*Task to carry out*. Leave every picture out and return the rest of the listing verbatim.

*Data section*.
———

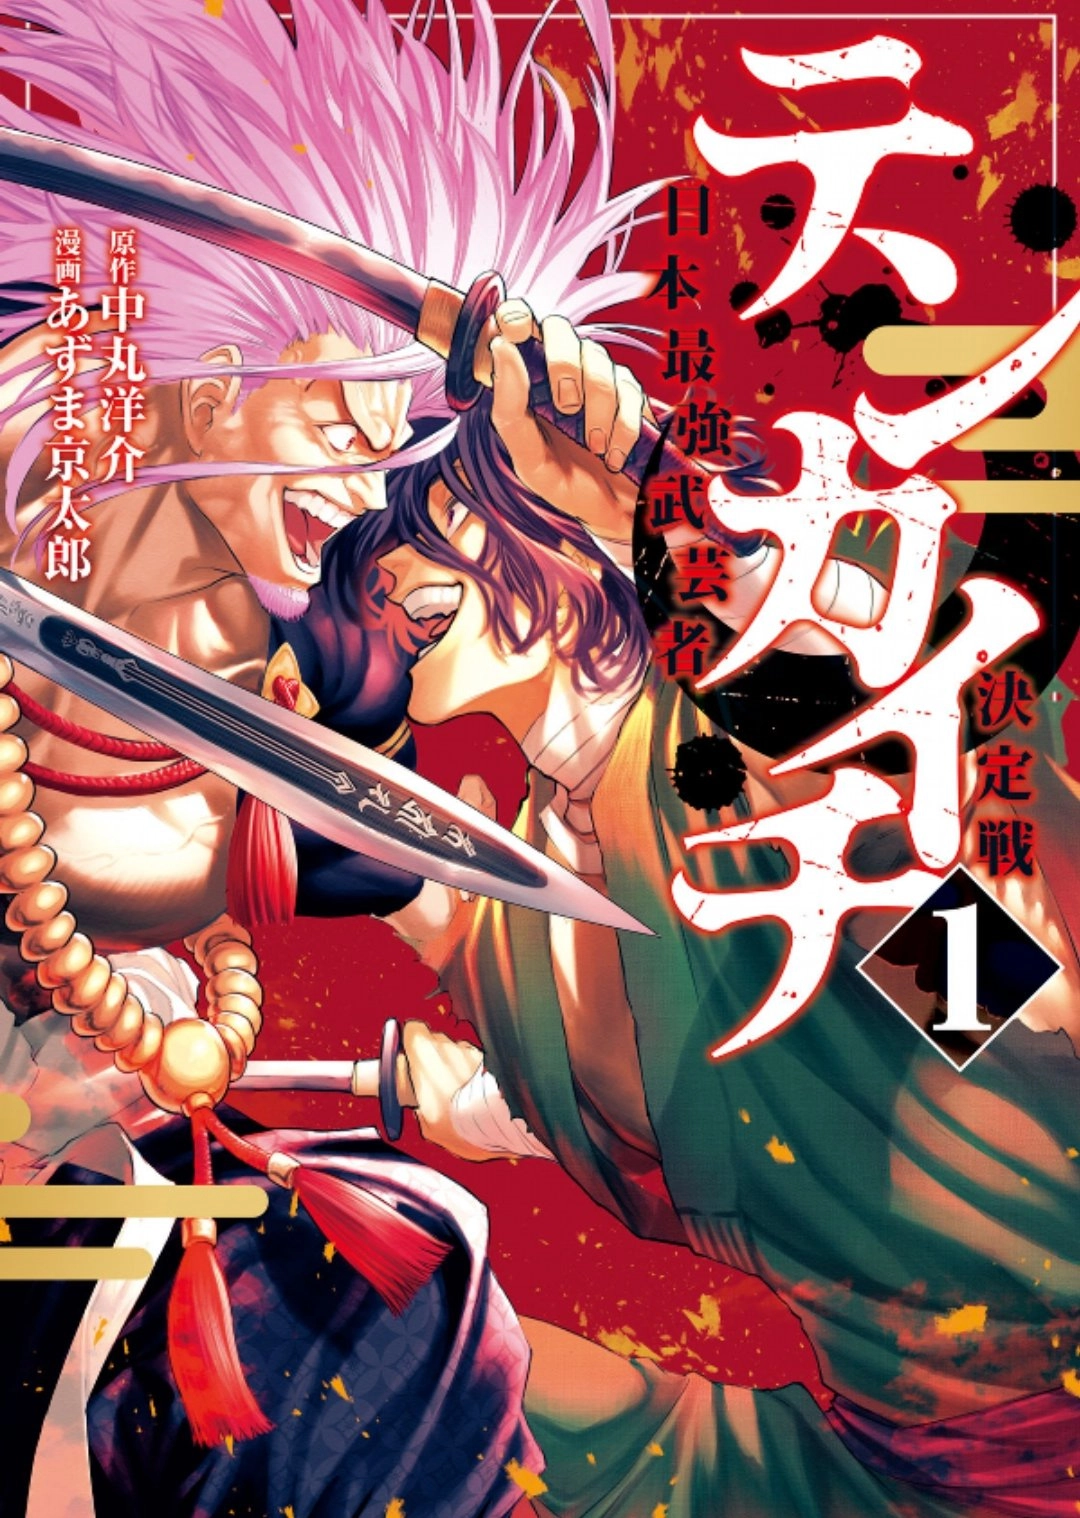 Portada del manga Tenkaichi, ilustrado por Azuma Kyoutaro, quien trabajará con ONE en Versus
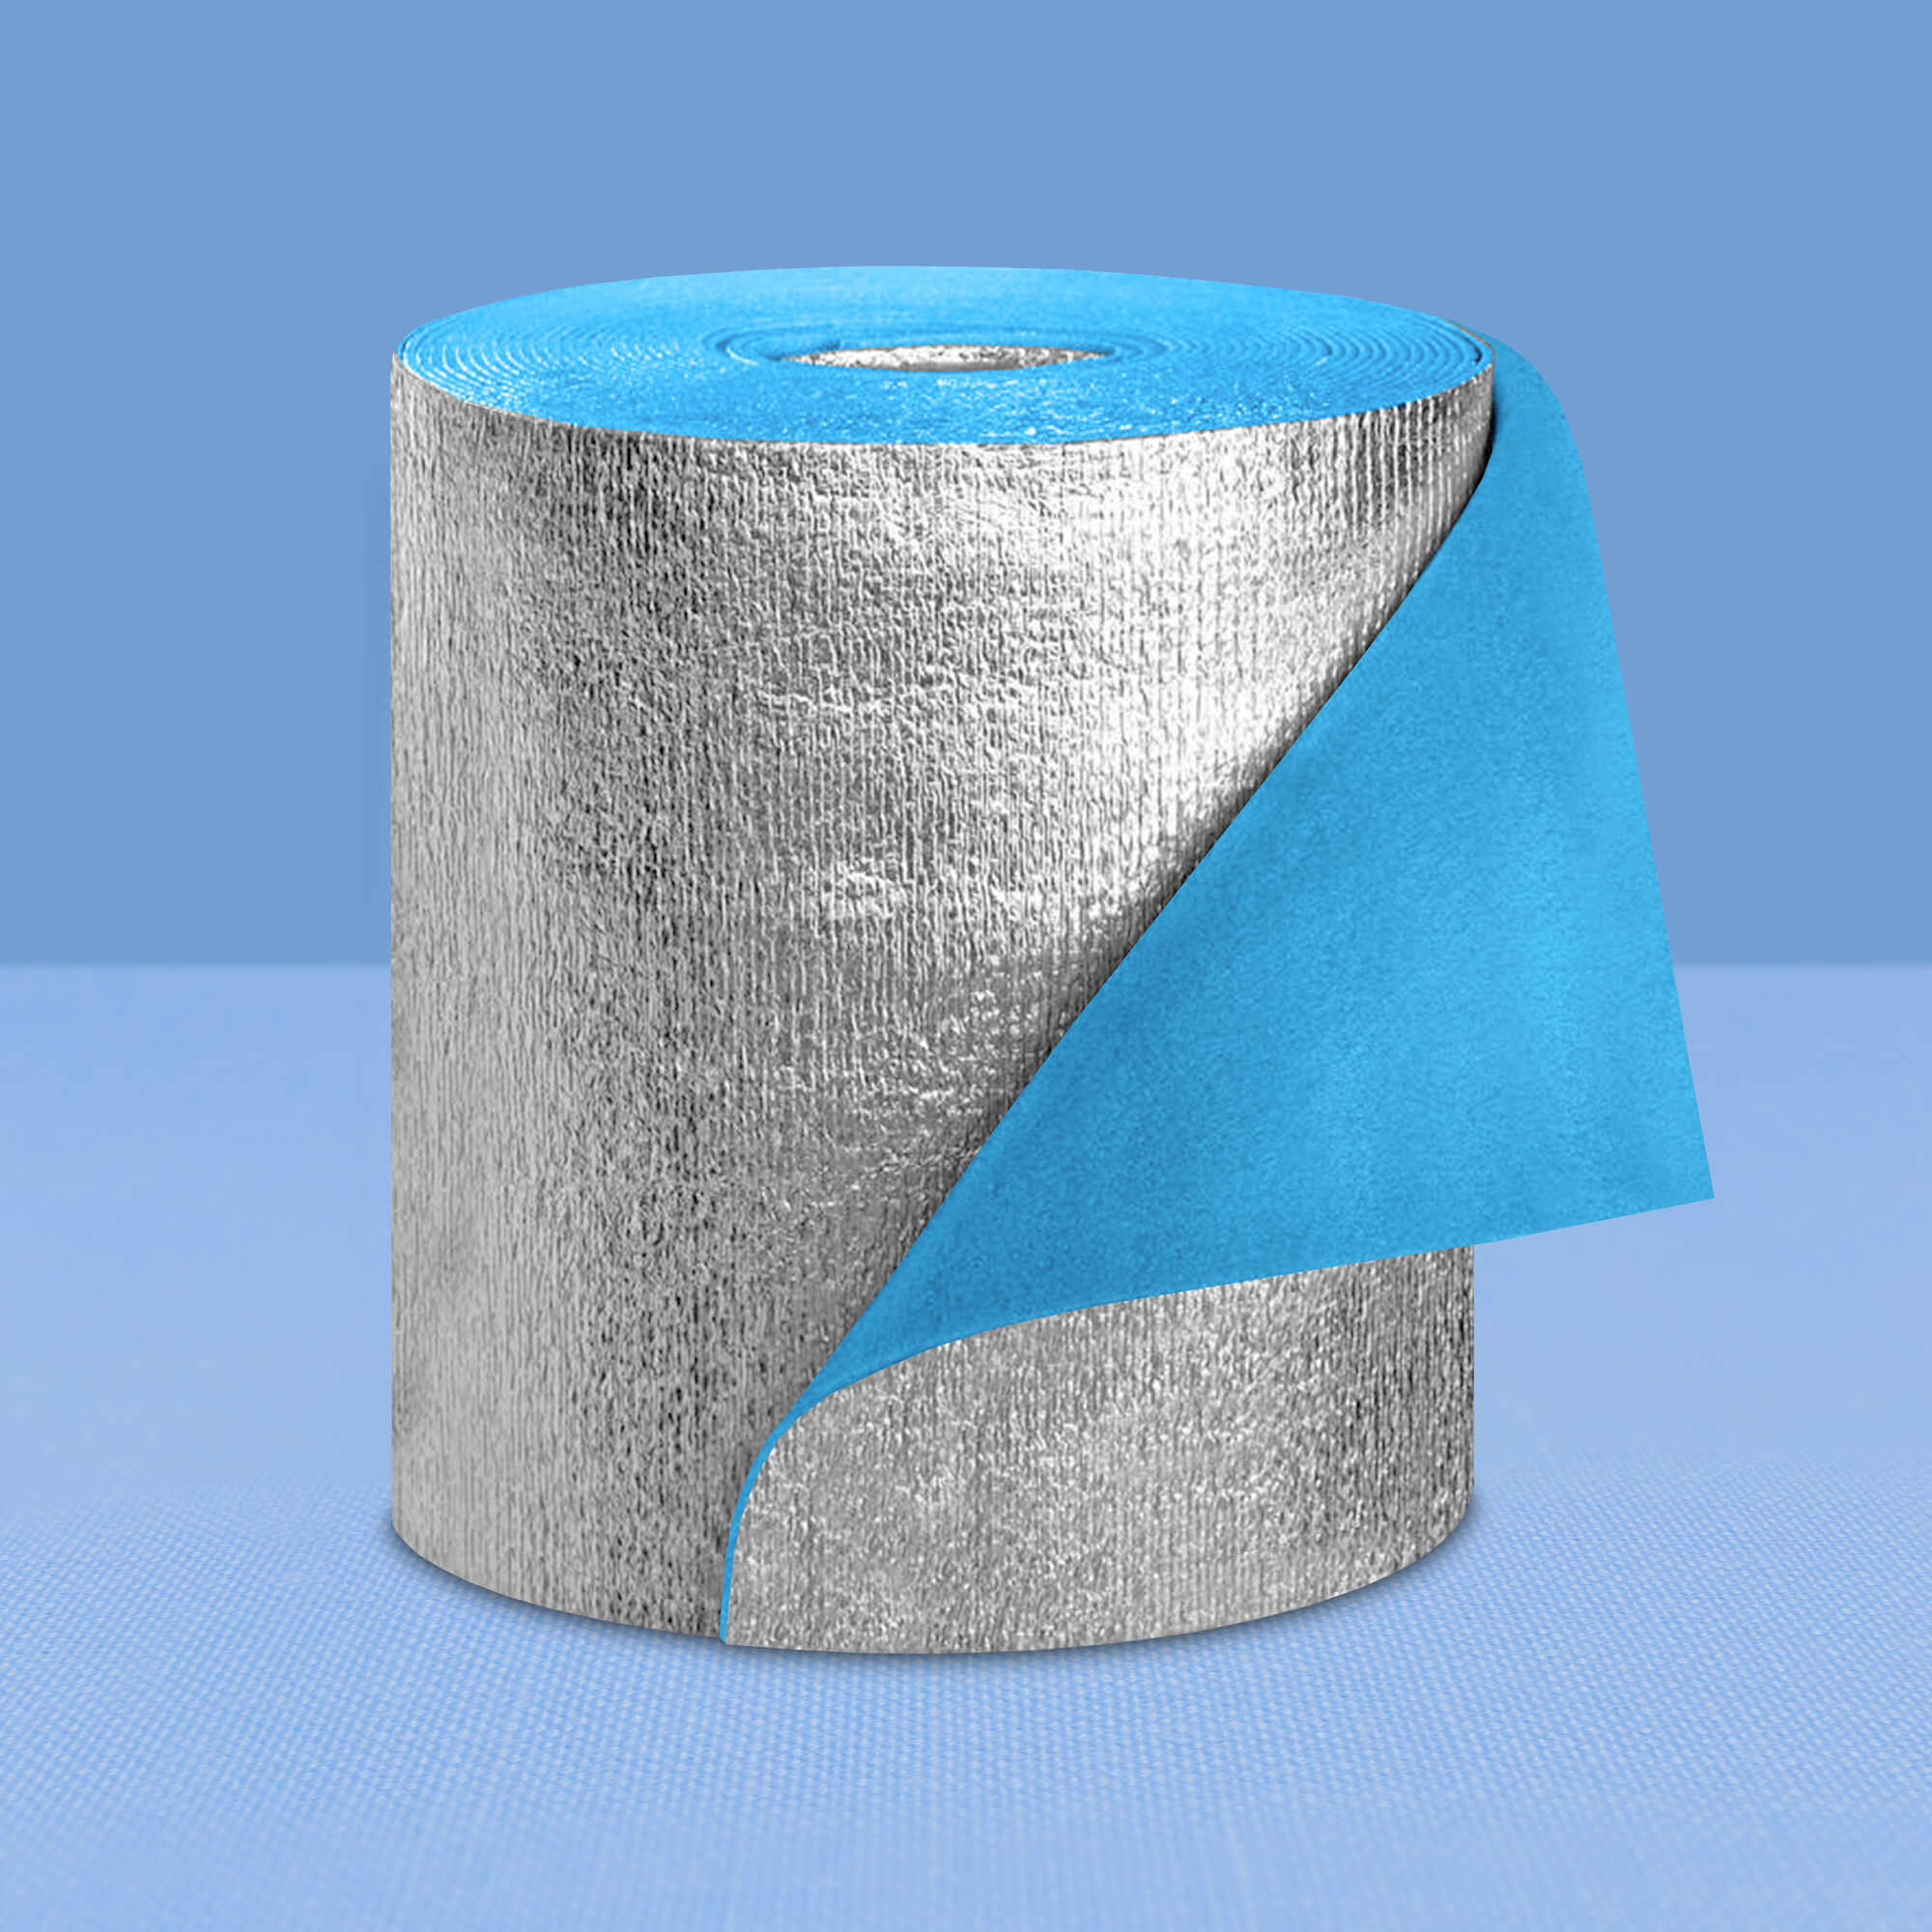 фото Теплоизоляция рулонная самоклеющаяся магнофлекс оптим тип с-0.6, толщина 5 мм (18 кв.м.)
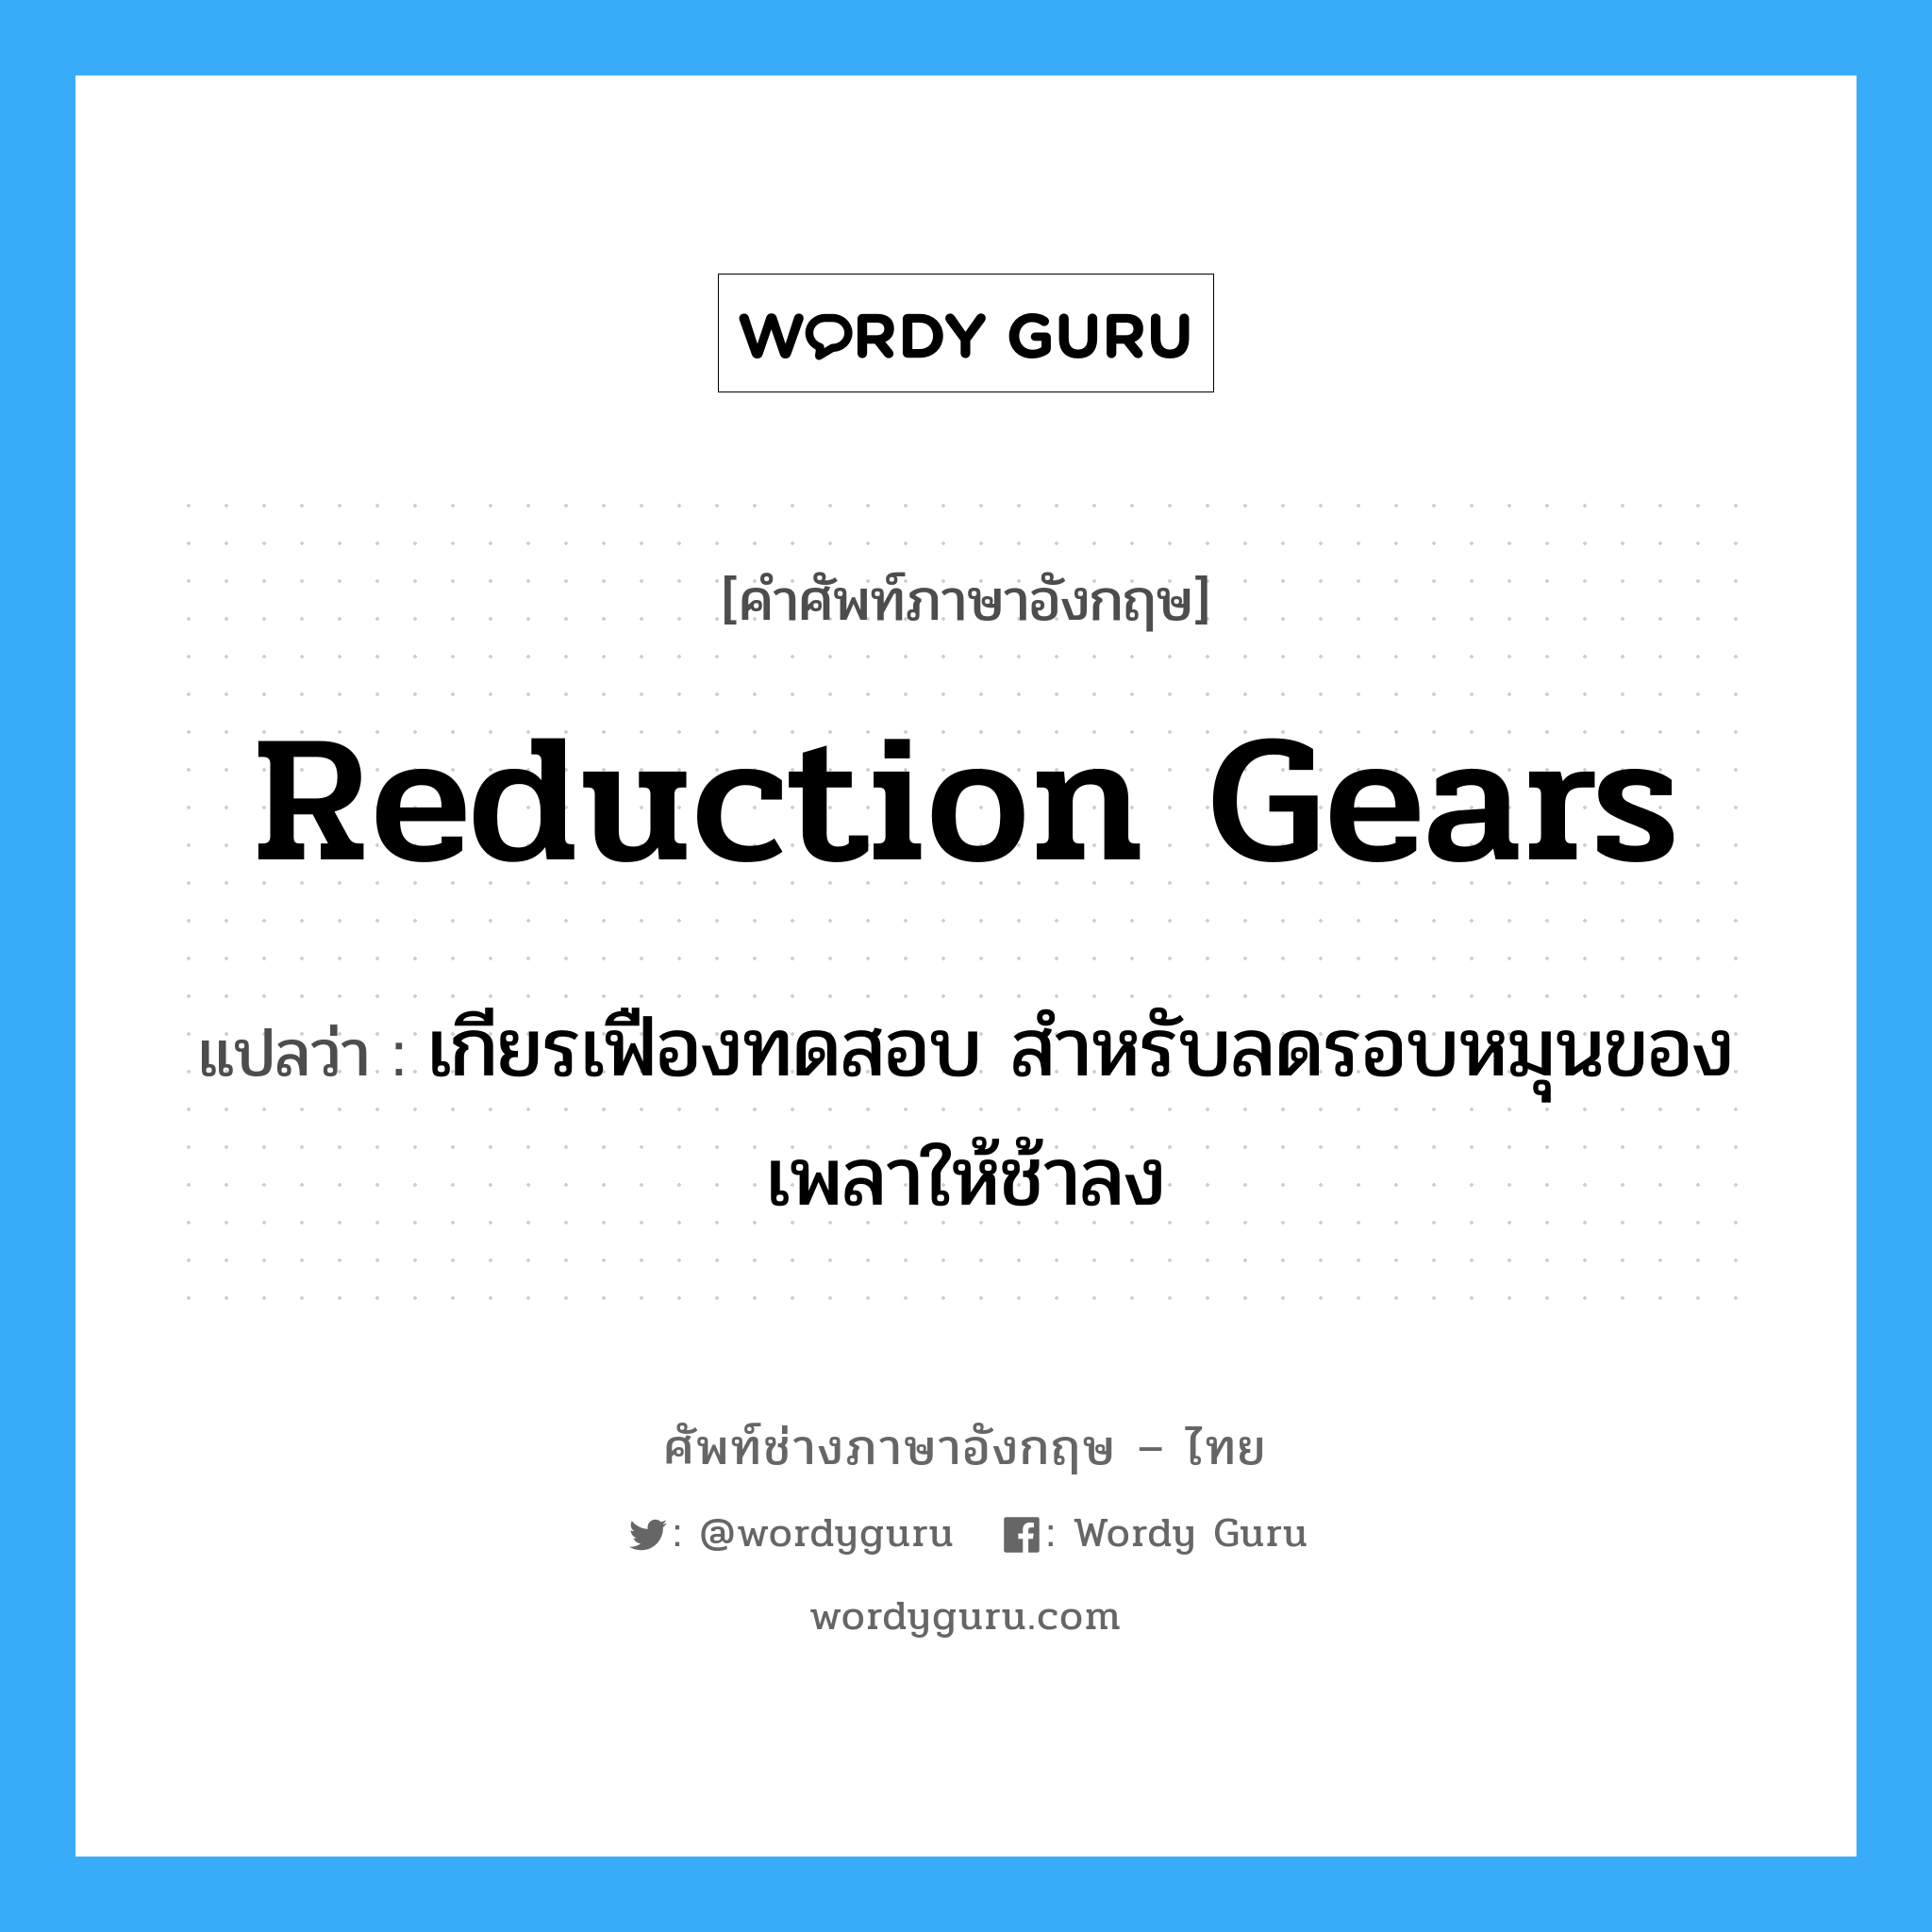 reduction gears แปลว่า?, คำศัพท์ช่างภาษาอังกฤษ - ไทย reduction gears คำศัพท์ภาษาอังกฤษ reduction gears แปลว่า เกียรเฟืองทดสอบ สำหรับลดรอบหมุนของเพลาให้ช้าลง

———

*Response to this task*.
 Portada del manga Tenkaichi, ilustrado por Azuma Kyoutaro, quien trabajará con ONE en Versus
 фото Теплоизоляция рулонная самоклеющаяся магнофлекс оптим тип с-0.6, толщина 5 мм (18 кв.м.)
 reduction gears แปลว่า?, คำศัพท์ช่างภาษาอังกฤษ - ไทย reduction gears คำศัพท์ภาษาอังกฤษ reduction gears แปลว่า เกียรเฟืองทดสอบ สำหรับลดรอบหมุนของเพลาให้ช้าลง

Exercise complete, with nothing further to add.